Born: 18 March 1690 in Königsberg, Prussia (now Kaliningrad, Russia)
Died: 20 November 1764 in Moscow, Russia

 

Christian Goldbach's father was a Protestant Church minister in Königsberg. Goldbach was brought up in Königsberg and attended the university there. He seems to have studied some mathematics, but he mainly studied law and medicine. In 1710 he set off on a lengthy journey around Europe, meeting many of the leading scientists on his travels. In Leipzig in 1711 he met Leibniz and after Goldbach moved on the two carried on a correspondence. Five letters from Leibniz to Goldbach and six letters from Goldbach to Leibniz, all written in the years 1711 to 1713, are discussed in [13]. Both correspondents wrote in Latin.

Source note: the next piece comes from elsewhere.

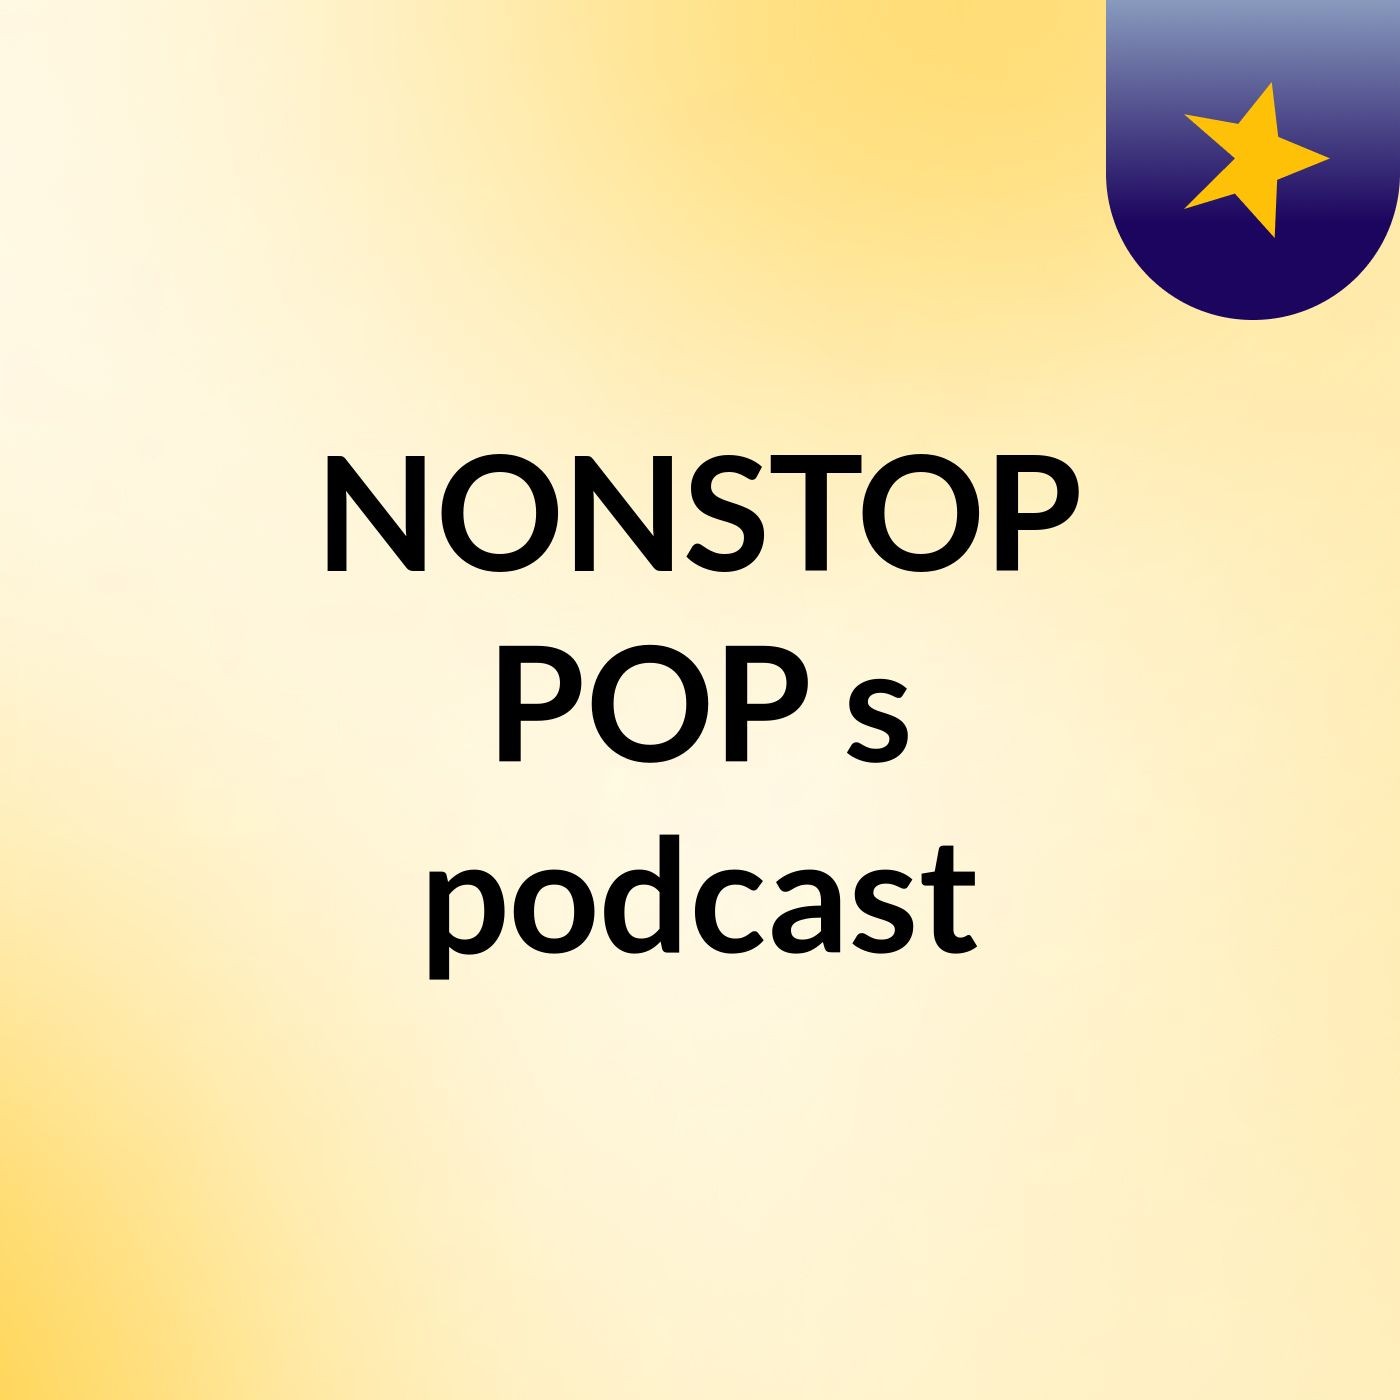 Episode 5 - NONSTOP POP's podcast

In 1712 Nicolaus (I) Bernoulli was also on European travels and he was visiting England. Goldbach met him and also de Moivre in London, and he met Nicolaus (I) Bernoulli again in Oxford. Goldbach was fascinated by mathematics but he did not have much knowledge of the subject. When Bernoulli started to discuss infinite series with Goldbach as they talked in Oxford, Goldbach confessed that he knew nothing about the topic. Bernoulli gave him a loan of a book on the topic by his uncle Jacob Bernoulli but Goldbach found infinite series too difficult at that time, and gave up his attempts to understand Jacob Bernoulli's text.

Goldbach continued his lengthy tour and was in Venice in 1721. Here he met Nicolaus (II) Bernoulli who was also on a tour of European countries. It was at Nicolaus (II) Bernoulli's suggestion that Goldbach began a correspondence with his younger brother Daniel Bernoulli in 1723. The two continued this correspondence for seven years. By 1724 Goldbach was back in his home town of Königsberg and there he met two people who would change his life, namely Georg Bernhard Bilfinger and Jakob Hermann. Bilfinger was a German philosopher, mathematician, and statesman, who had been professor of moral philosophy and mathematics at Tübingen but had just been sacked over a charge of atheism. The charge arose through his association with the philosopher Christian Wolff, who had then helped arrange that Bilfinger should be involved in setting up the Imperial Academy of Sciences (later called the St Petersburg Academy of Sciences) which was to be organised (at Leibniz's suggestion) along the lines of the Berlin Academy of Sciences. He was on his way to St Petersburg when he met Goldbach, and Jakob Hermann was also on his way to take part of this new exciting venture.

When he was in Riga in July 1725, Goldbach wrote to L L Blumentrost, the President elect of the proposed new Academy, asking for a position there. After an initial rejection, Goldbach was offered the positions of professor of mathematics and historian at St Petersburg. One may wonder how Goldbach was offered such an important position. In fact his record as a mathematician was by this time rather better than the picture we painted above. We mentioned that Goldbach gave up his attempts to understand infinite series in 1712. However in 1717 he read an article by Leibniz on computing the area of a circle and this led him to look again at the theory of infinite series. Goldbach published Specimen methodi ad summas serierum in Acta eruditorum in 1720. In 1724 he published another paper and earlier he had a couple of other works published. He was, therefore, an established mathematician although it has to be said that his papers do not add a great deal to mathematical knowledge.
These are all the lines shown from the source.